Pourtant, la question du journaliste ne faisait nullement référence à la prochaine échéance électorale. Elle a été posée plutôt pour savoir s’il maintenait son appréciation sur l’arrêt du processus de 1992 qu’il avait qualifié, par le passé, de “première violence”. Abdelaziz Bouteflika, qui avait du mal à contenir sa colère, a comme saisi la balle au bond pour asséner par trois fois : “Il n’y aura pas d’arrêt du processus électoral !”. Le Président-candidat craint-il un remake du scénario de1992 ? En tout cas, son message ne souffre aucune équivoque.

Et l’on aura sans doute deviné. Il ne s’adressait pas, contrairement à ce qu’il laissait entendre, aux quidams, mais à la grande muette. La prise à témoin de l’opinion internationale est, à la fois, un avertissement à peine voilé, mais aussi une manière sibylline de suggérer la part de responsabilité de l’institution militaire dans la crise du pays. Confusément, il y a là comme un rappel par Bouteflika de la menace, déjà évoquée par de nombreux observateurs, notamment occidentaux, de traîner les responsables militaires devant les tribunaux internationaux.

D’ailleurs, il ne manque pas de narguer les candidats qui ont appelé l’institution militaire à ne pas se confiner dans “une neutralité passive”, eu égard au parti pris dont font preuve les autres institutions dans la préparation du scrutin. “Celui qui veut faire des éloges, il n’a qu’à les faire au peuple”, a-t-il dit. Interrogé sur la récente sortie du général de corps d’armée, il s’est contenté simplement de rappeler que “le chef d’état-major n’a fait que répondre à certains qui doutaient de la neutralité de l’armée dans l’élection. Et dans toute république démocratique, l’institution militaire a une mission clairement définie par la constitution. Ce que le chef d’état-major a dit est aussi valable pour l’administration et autres”.

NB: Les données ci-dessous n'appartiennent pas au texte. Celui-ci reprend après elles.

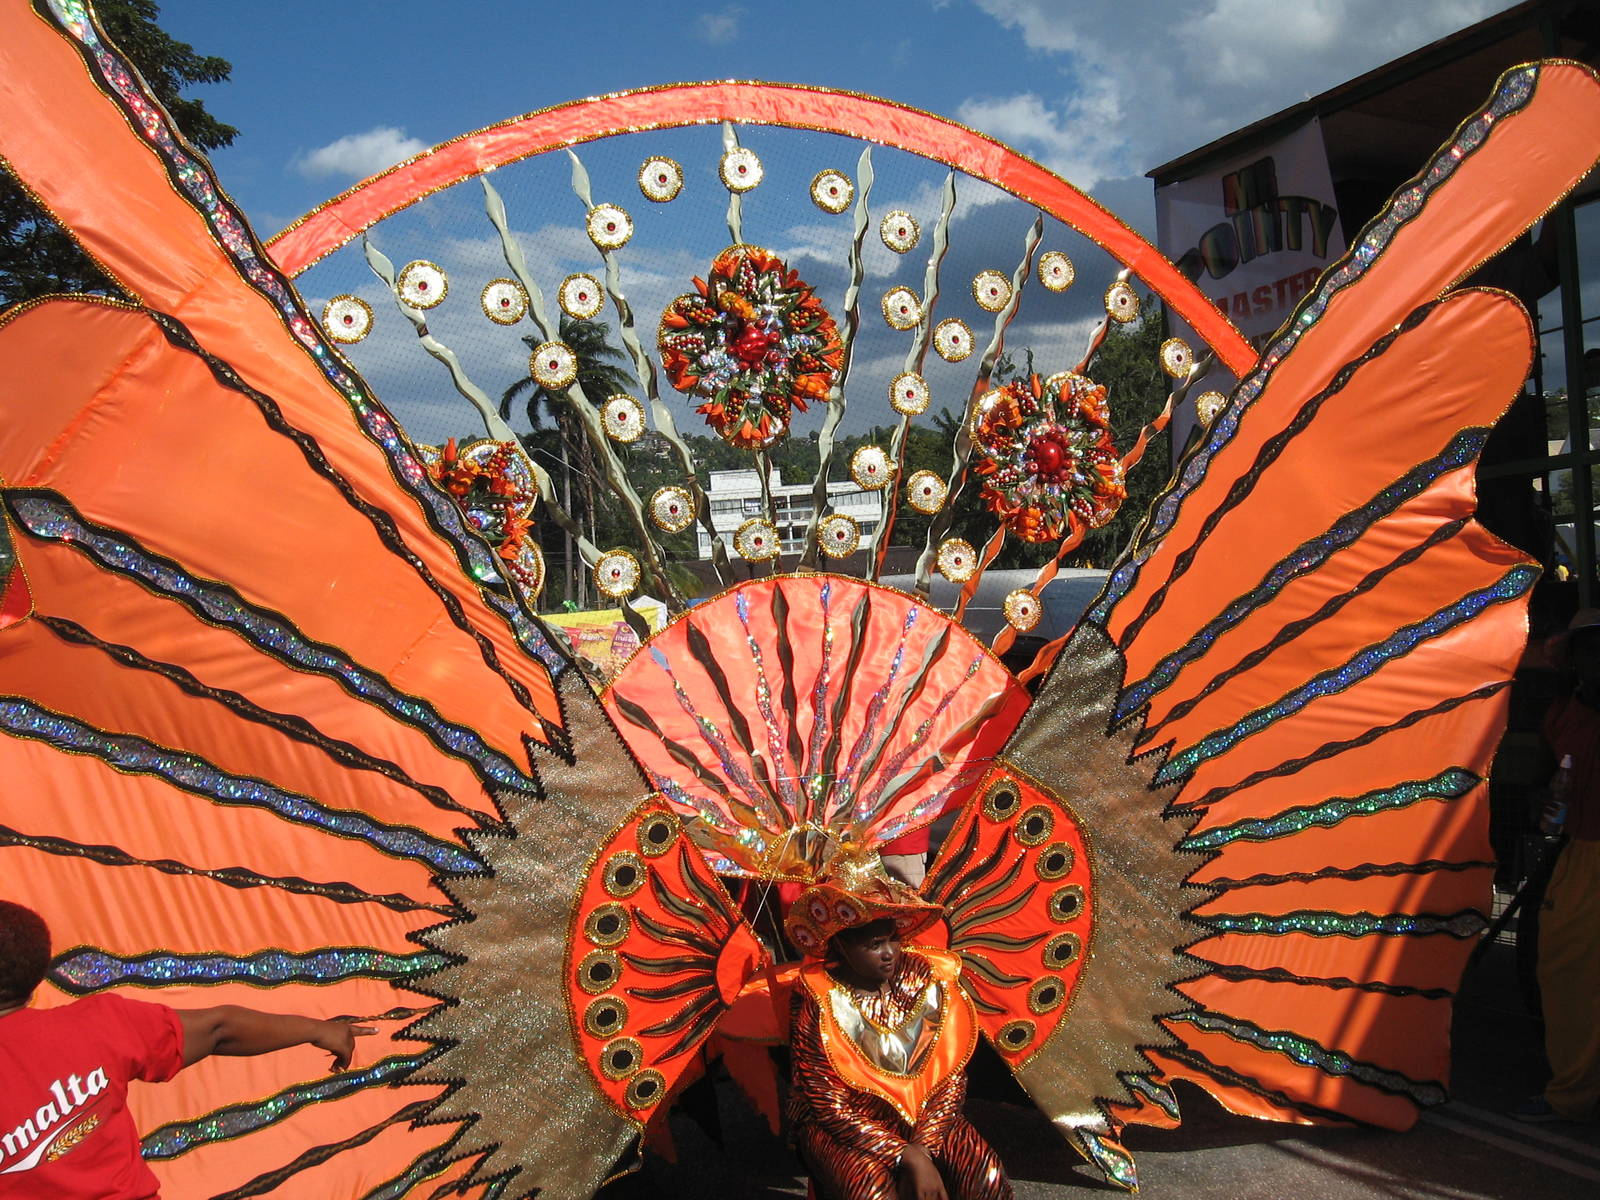 Trinidad Carnival: Destination Trinidad and Tobago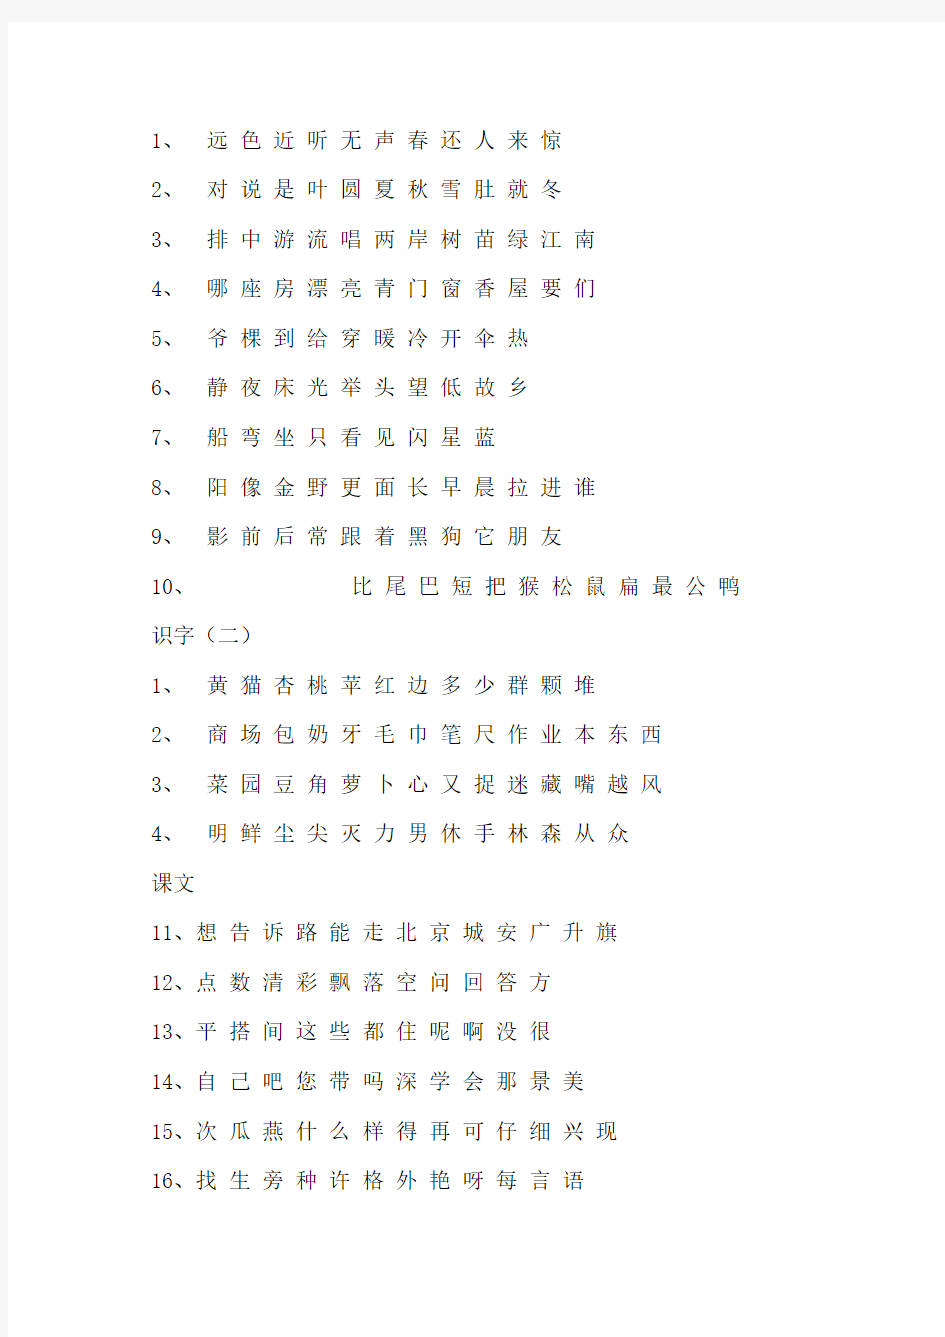 人教版小学语文1—6年级生字表(全)

L’ire affichée par le candidat à sa propre succession par rapport aux questions inhérentes à l’institution militaire, vient ainsi mettre à nue les querelles en sourdine qui opposent les deux parties. Pourtant, jusqu’à la récente sortie du général Lamari, beaucoup avaient estimé qu’“un pacte de non-agression” a été contracté entre les deux parties. Mieux encore, lorsque Ouyahia, un homme réputé jusque-là proche des cercles décideurs, et d’autres organisations de “masse” avaient décidé de rejoindre avec armes et bagages Bouteflika, certains y avaient perçu un nouveau “laissez-passer” de l’armée.

Aujourd’hui, tout indique qu’on est face à de nouvelles donnes. Et c’est là qu’il convient de chercher tout le sens à donner “aux différents scénarios” évoqués, il y a un mois, par Mohamed Lamari, en marge de la visite du chef de l’État au musée du Moudjahid et les appréhensions de certains proches de l’actuel locataire d’El-Mouradia, qui n’ont pas manqué de critiquer et d’accuser son staff de campagne.

Un staff perçu comme un moyen de saborder sa réélection. Qui aurait donc inspiré pareil procédé ? La réponse est peut-être suggérée par le propos du président-candidat, lundi dernier, sur le plateau de la télévision.